Next week's my birthday, finding a proper silence for it. A proper descent. Listening to Bach arias and Brahms piano variations on a theme by Paganini, and Pink's new album too. 

secret birthday: Dexter marathon. Bolano's 2666. Gifts to me. 

Doty, am I your theory or your apparition? Goddamn that clapping poem, that cathedral of the imagined self that is real. 

Glad--not the right word--helped by, affirmed, hopeful that in his New and Selected only two poems from his first book were included! And only five from his second! 

Fire from Fire, marry me! You're homo-hot. 

Speaking of marriage, Willa Cather's My Mortal Enemy--symmetrical little novel built around the cold myth and death of an eccentric who gets herself disowned for love. Temperamental passions, I prefer Dostoyevsky to Tolstoy. But she blurts out little gems like this:

"Look for that little short one, about the flower that grows on the suicide's grave, die Armesunderblum, the poor-sinner's-flower. Oh that's the flower for me, Nellie; die Arme-sunder-blum! she drew the word out until it was a poem in itself."

Miguel is aspiring to be a romantic.



Friends and Strangers, read my piece about the recent struggles for gay couples to legitimize their marriages at Poetry Foundation's blog, Harriet:


Tonight I am a parade of love and anger.



I'm celebrating today. 

I'm mourning today. 

My state, my country, elected a person of color, a figure of change and real hope for the future.

My state has failed to oppose the bigotry of Proposition 8, now making illegal some 18,000 gay marriages. 

My President has spoken to me personally in his acceptance speech, inviting "gays and straights", naming us, including us in the national discussion. I was deeply moved, and if I had any doubts or misgivings, this small phrase made him my friend. I found myself wanting to follow him, wanting to fight for a better country, wanting to believe in him. 

I believe in him. 

Today in California, my own gay married friends are now burdened by the fact that the great draws in voting by people of color, my people, who have come out to vote in historic numbers, have also come out to vote against us with Prop. 8. 

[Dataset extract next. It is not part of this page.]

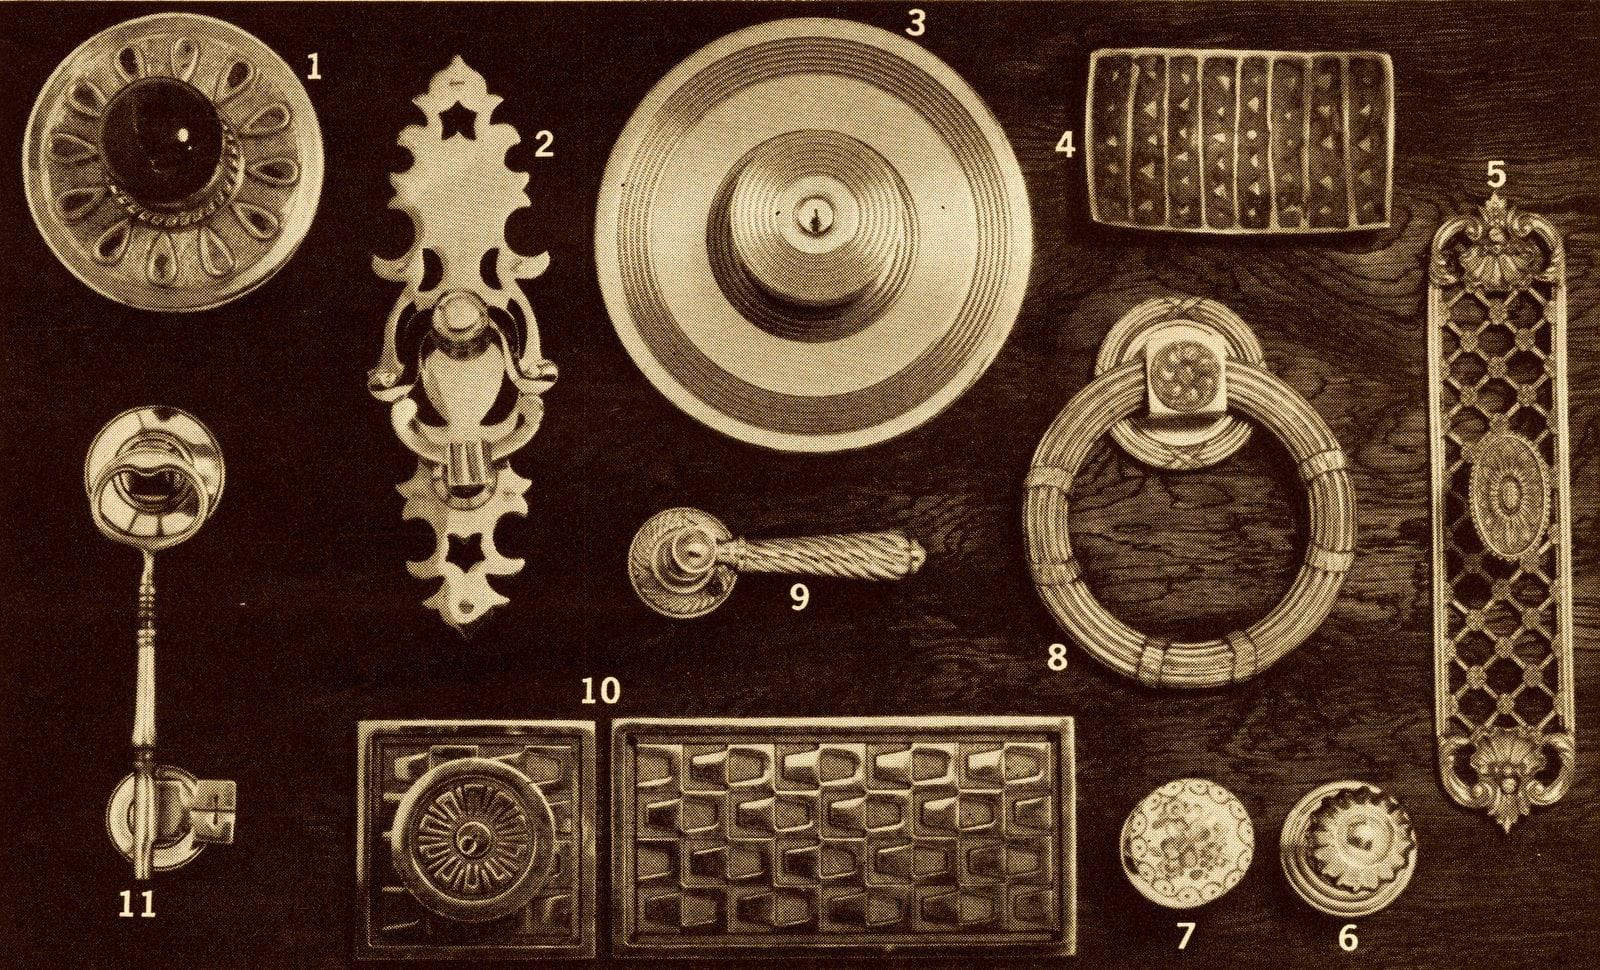 Vintage doorknobs, handles and pulls (1965)

There was a great rally downtown for those supporters of Prop. 8 last weekend that I found particularly offensive. All people of color. Of which I am one. My people. Latin American, Mexican, Korean, Chinese, African American. Signs in other languages. Crosses. A united front against gay marriage. Against equality. Against me. Their signs read: "A vote for Prop.8 equals freedom for marriage." But they cannot disown me.

The African American organizer for Prop. 8 said last night on television that Black voters want to preserve the family for children to have a mommy and a daddy. 

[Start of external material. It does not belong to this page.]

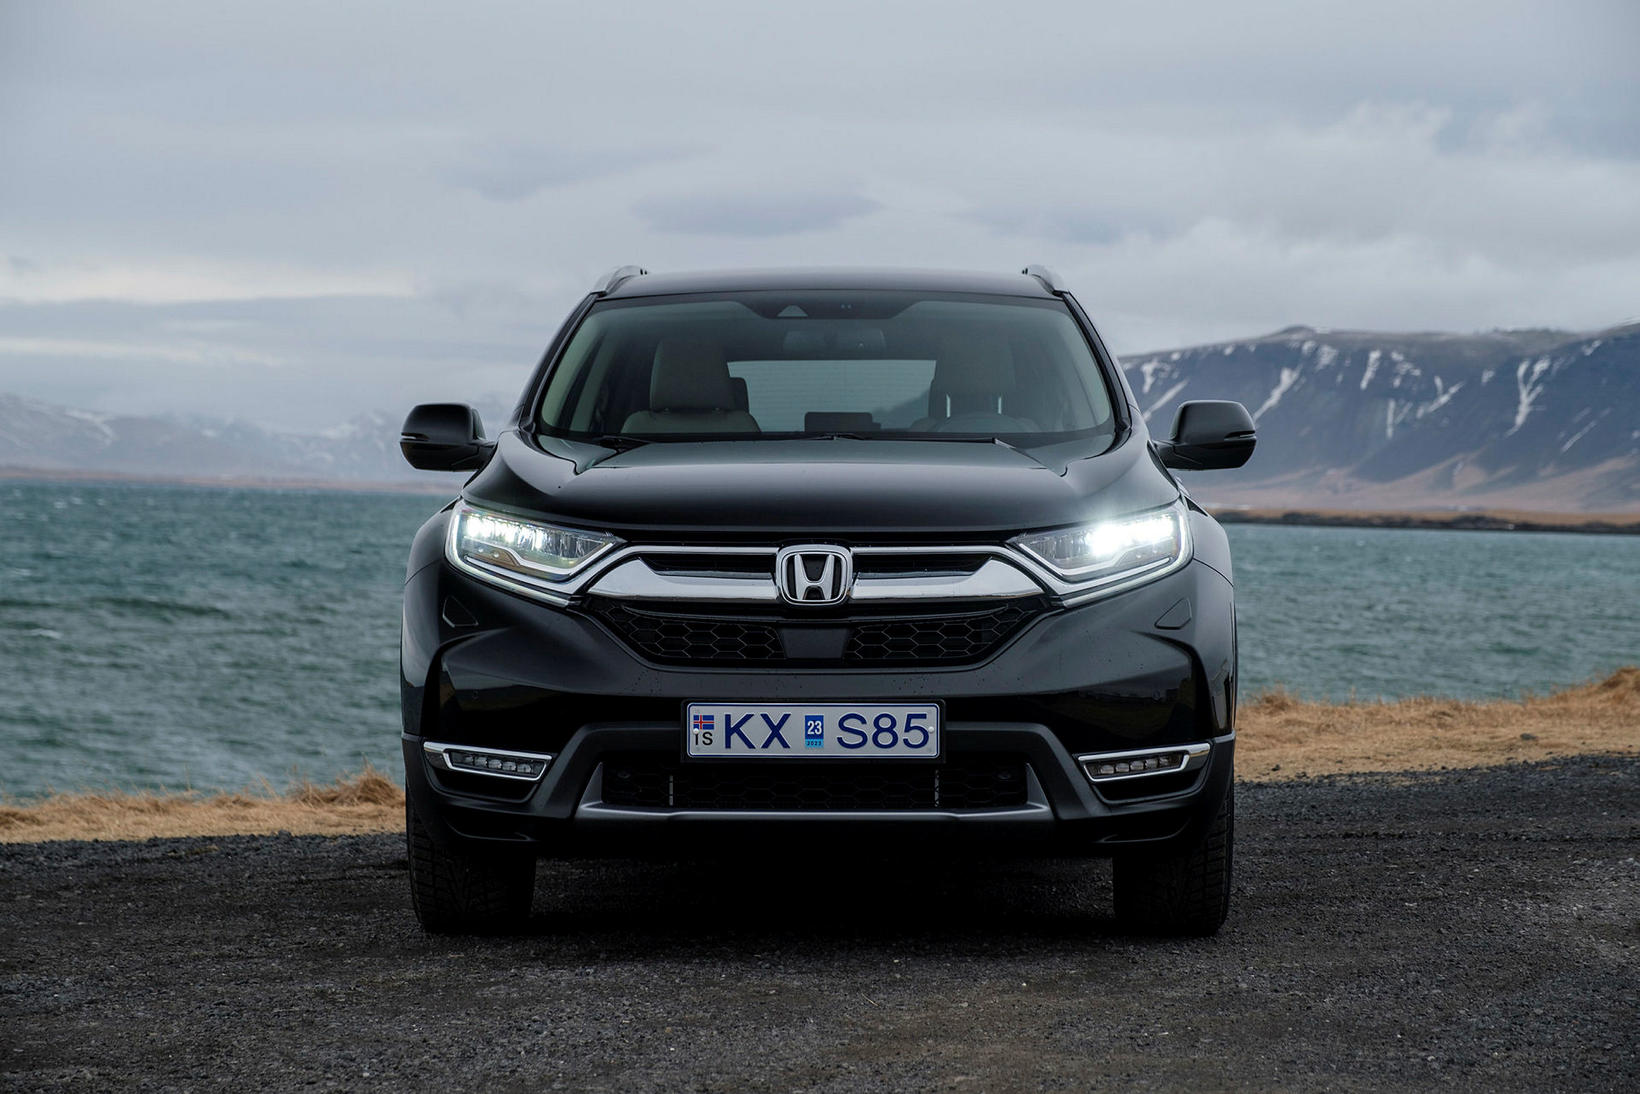 Honda CRV tvinnbíllinn.

If we want to protect children, why are we bringing them to hate rallies? Why are we having them stand on street corners screaming for Prop. 8? It's obscene. What exactly are we protecting? Those who support Prop. 8 are not motivated by mathematics, logic, empathy, and certainly not love, especially considering the divorce rates in this country:

50% percent of first marriages, 67% of second and 74% of third marriages end in divorce, according to Jennifer Baker of the Forest Institute of Professional Psychology in Springfield, Missouri.

According to enrichment journal on the divorce rate in America:
The divorce rate in America for first marriage is 41%
The divorce rate in America for second marriage is 60%
The divorce rate in America for third marriage is 73%

Prop. 8 is fanatical and filled with prejudice. Why trust gay men and women to cut your hair, write your television shows, do your banking, file your taxwork, drive your buses, serve as your councilmen, your senator woman, operate on your bodies, teach your children, write up your life insurance policies, pay taxes, bag your groceries, pour your coffees, sell you clothing, defend your legal cases, act as your shrink, and in my case, serve as your literature professor, why trust us to have civic responsibilities, to perform and participate in business, government, religious life, the arts, education. . . and then tell us that you don't believe we should be able to marry. Why wouldn't you trust us to believe in love, to choose for ourselves who to make lifelong commitments to, to pursue the sacred endeavors of a spiritual pursuit with another person, to make for ourselves family, to have a ceremony and to have legal rights that endorse that ceremony? 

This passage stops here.